Secure Wireless Communication via Intelligent Reflecting Surface

Secure Wireless Communication via Intelligent Reflecting Surface

Miao Cui, Guangchi Zhang,  and Rui Zhang,  This work was supported in part by the National Natural Science Foundation of China under Grant 61571138, in part by the Science and Technology Plan Project of Guangdong Province under Grants 2017B090909006, 2018A050506015, and 2019B010119001, and in part by the Science and Technology Plan Project of Guangzhou City under Grants 201803030028 and 201904010371. M. Cui and G. Zhang are with the School of Information Engineering, Guangdong University of Technology, Guangzhou, China (email: {cuimiao, gczhang}@gdut.edu.cn). R. Zhang is with the Department of Electrical and Computer Engineering, National University of Singapore, Singapore 117576 (email: elezhang@nus.edu.sg). G. Zhang is the corresponding author.
Abstract

An intelligent reflecting surface (IRS) can adaptively adjust the phase shifts of its reflecting units to strengthen the desired signal and/or suppress the undesired signal. In this letter, we investigate an IRS-aided secure wireless communication system where a multi-antenna access point (AP) sends confidential messages to a single-antenna user in the presence of a single-antenna eavesdropper. In particular, we consider the challenging scenario where the eavesdropping channel is stronger than the legitimate communication channel and they are also highly correlated in space. We maximize the secrecy rate of the legitimate communication link by jointly designing the AP’s transmit beamforming and the IRS’s reflect beamforming. While the resultant optimization problem is difficult to solve, we propose an efficient algorithm to obtain high-quality suboptimal solution for it by applying the alternating optimization and semidefinite relaxation methods. Simulation results show that the proposed design significantly improves the secrecy communication rate for the considered setup over the case without using the IRS, and outperforms a heuristic scheme.

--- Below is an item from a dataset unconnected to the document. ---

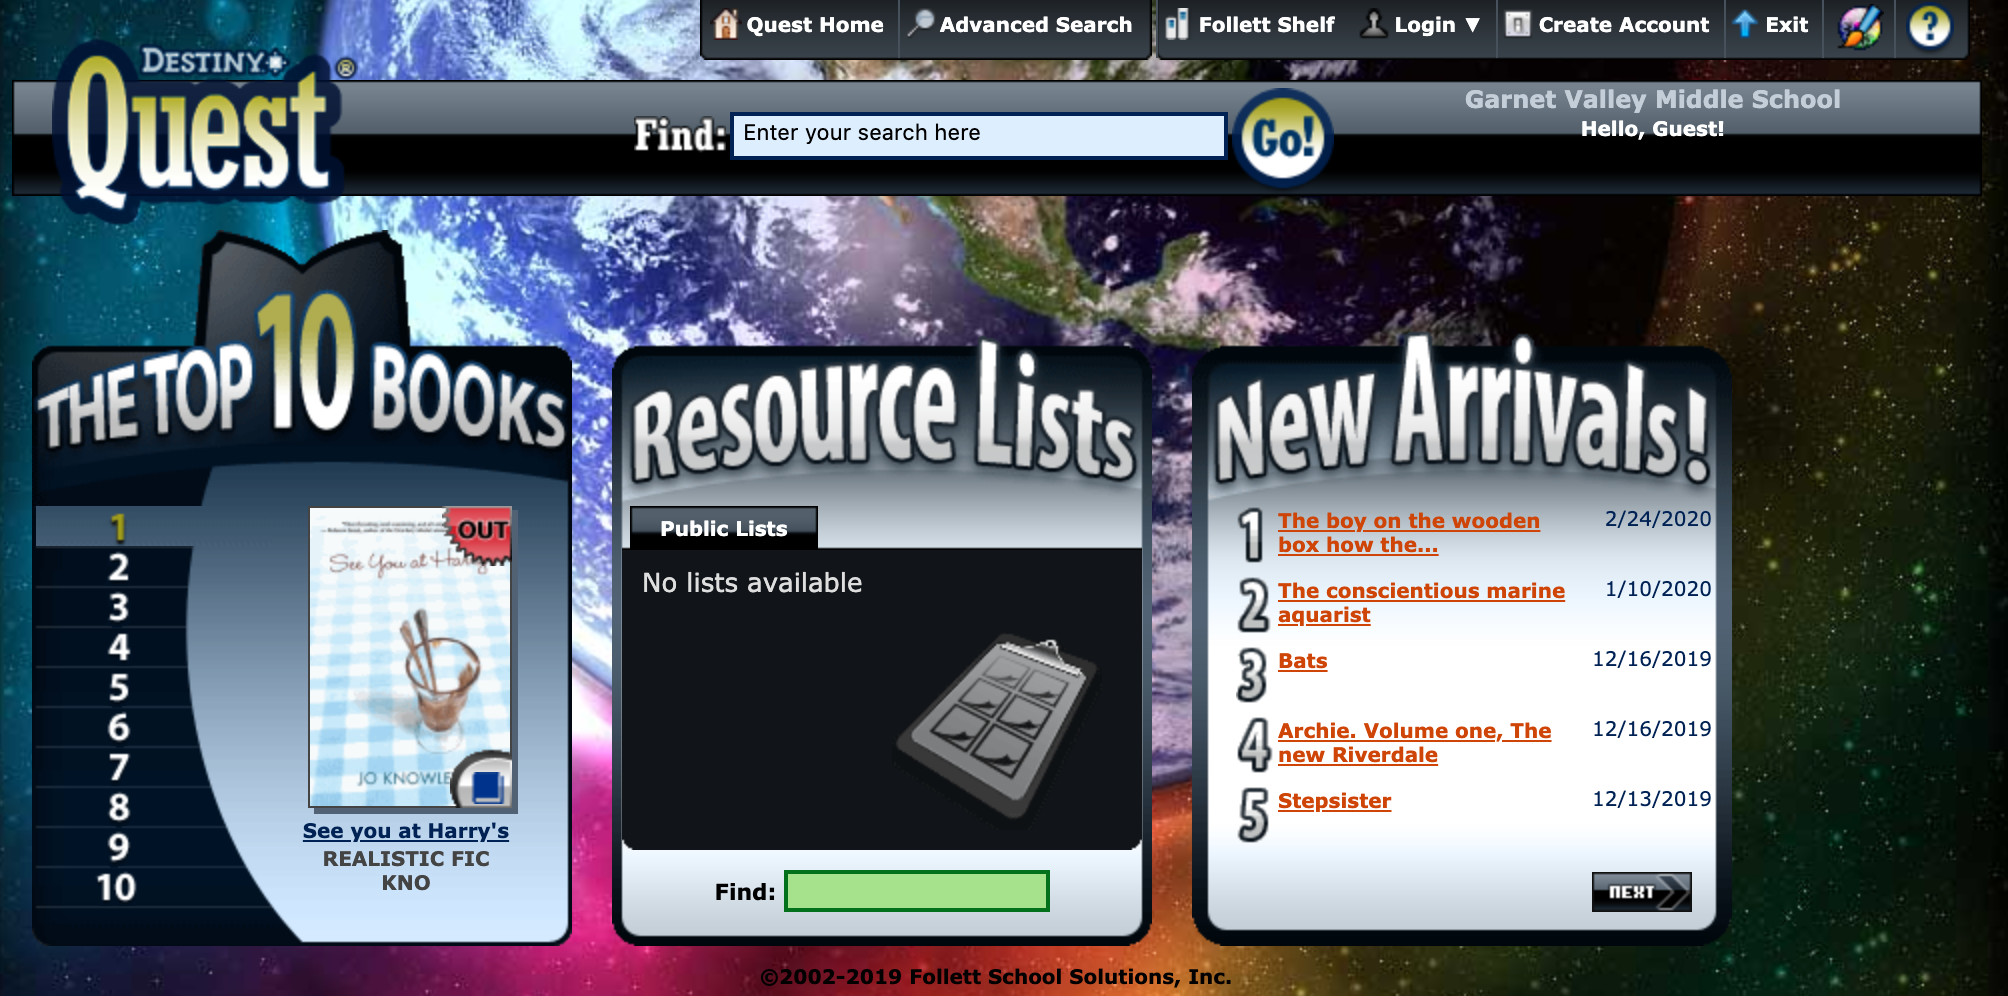 Destiny Quest homepage #

Intelligent reflecting surface, phase shift optimization, passive beamforming, physical-layer security.

I Introduction

With the advancement in micro electromechanical systems (MEMS) and metamaterial techniques, it becomes feasible to control the phase shift of reflected signal in real time via a programmable surface. This has enabled a new wireless device, named intelligent reflecting surface (IRS), which can be flexibly deployed in wireless networks to improve their performance in various ways [1]. An IRS is usually composed of a large number of low-cost, passive, reflecting units, each being able to reflect the incident wireless signal with an adjustable phase shift [2]. By adaptively tuning the phase shifts of the reflecting units, the signal reflected by IRS can add constructively or destructively with the non-IRS-reflected signal at the receiver to enhance the desired signal or suppress the undesired signal such as interference [3]. In an IRS-aided communication system, active transmit beamforming at the transmitter and passive reflect beamforming at the IRS can be jointly designed to improve the performance, e.g., transmit power minimization [4, 5, 6] and energy efficiency maximization [7]. It is worth noting that as compared to IRS, there is another technology called large intelligent surface (LIS) [8], which can operate in either active or passive mode, while it resembles IRS in the passive mode.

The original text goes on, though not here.